Eunwoo üzülerek ekrana bakarken Bin’in içinde bir şeylerin hareketlendiğini hissetti. Az önce ki Eunwoo’nun tatlığına nasıl dayanabilirdi?
“Yah! Binie! Ne yapıyorsun?”
Jinwoo şaşkınlıkla yattığı yerden doğrulurken Bin Eunwoo’nun kazanmasına izin vererek oyunu kaybetmişti. Eunwoo sevinçle güldü ve ayağa kalkarak Minhyuk ile yumruk tokuşturdular. Bin hayran bakışlarla Eunwoo’nun sevincini izlerken Jinwoo’nun üzerine atlaması ile kendine geldi.

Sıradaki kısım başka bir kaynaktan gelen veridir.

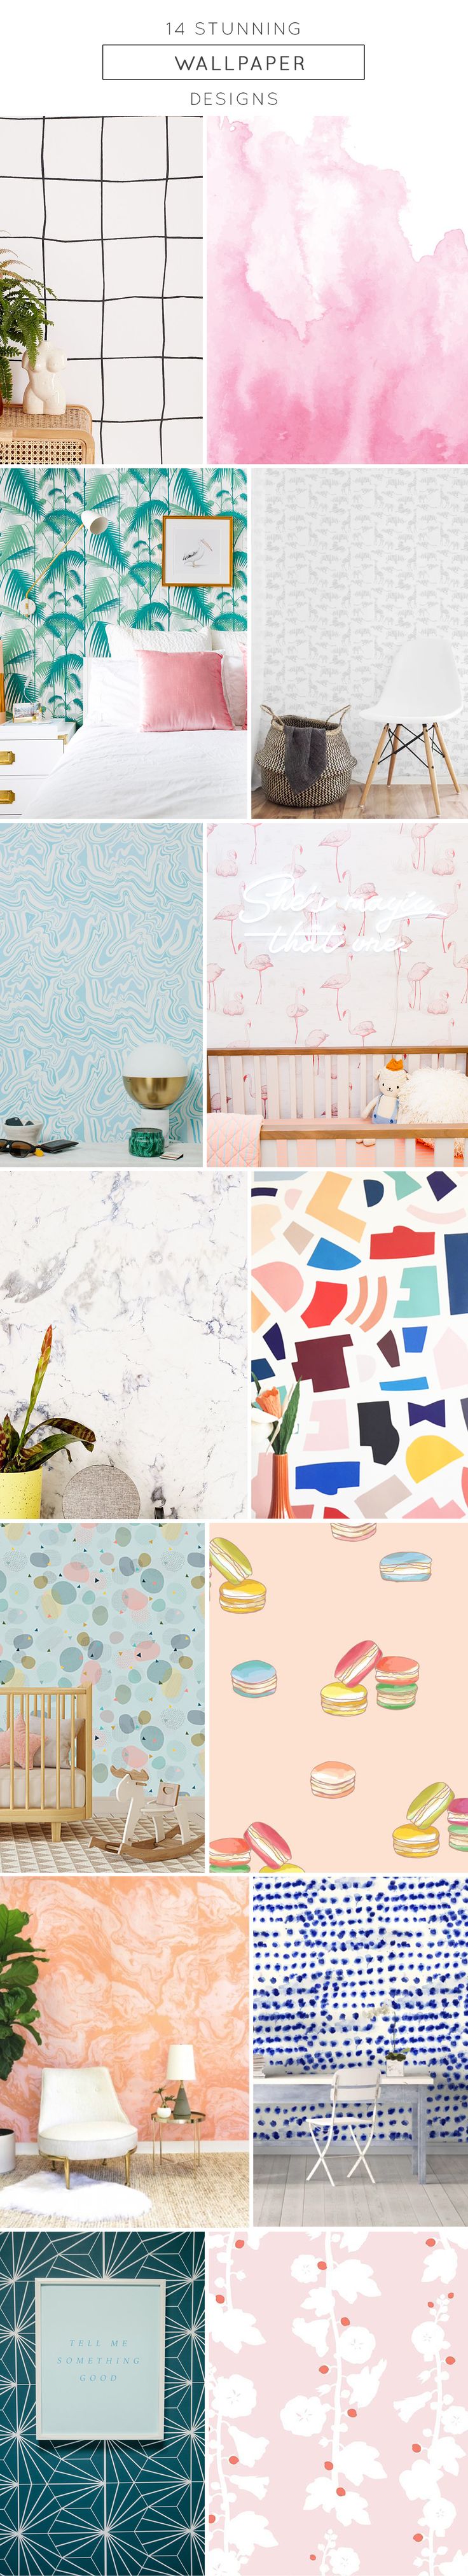 As interior design lovers, we’re always looking at how people use color, furni...

“Seni küçük velet! Bildiğin bilerek kaybettin!”
Jinwoo sahte sinirle Bin’e kızarken Bin gülerek üzerinden Jinwoo’yu itmeye çalıştı.
“Ah Hyung kilo mu aldın sen? Çok ağırsın!”
“Hah! Kas bebeğim bunlar” İkisi de gülüp ayağa kalktıkların da Bakışları Onlara kaşlarını çatarak izleyen İkiliye döndü. Bin’in onlara dönmesi ile ikisi de gülümserken Yere oturdular.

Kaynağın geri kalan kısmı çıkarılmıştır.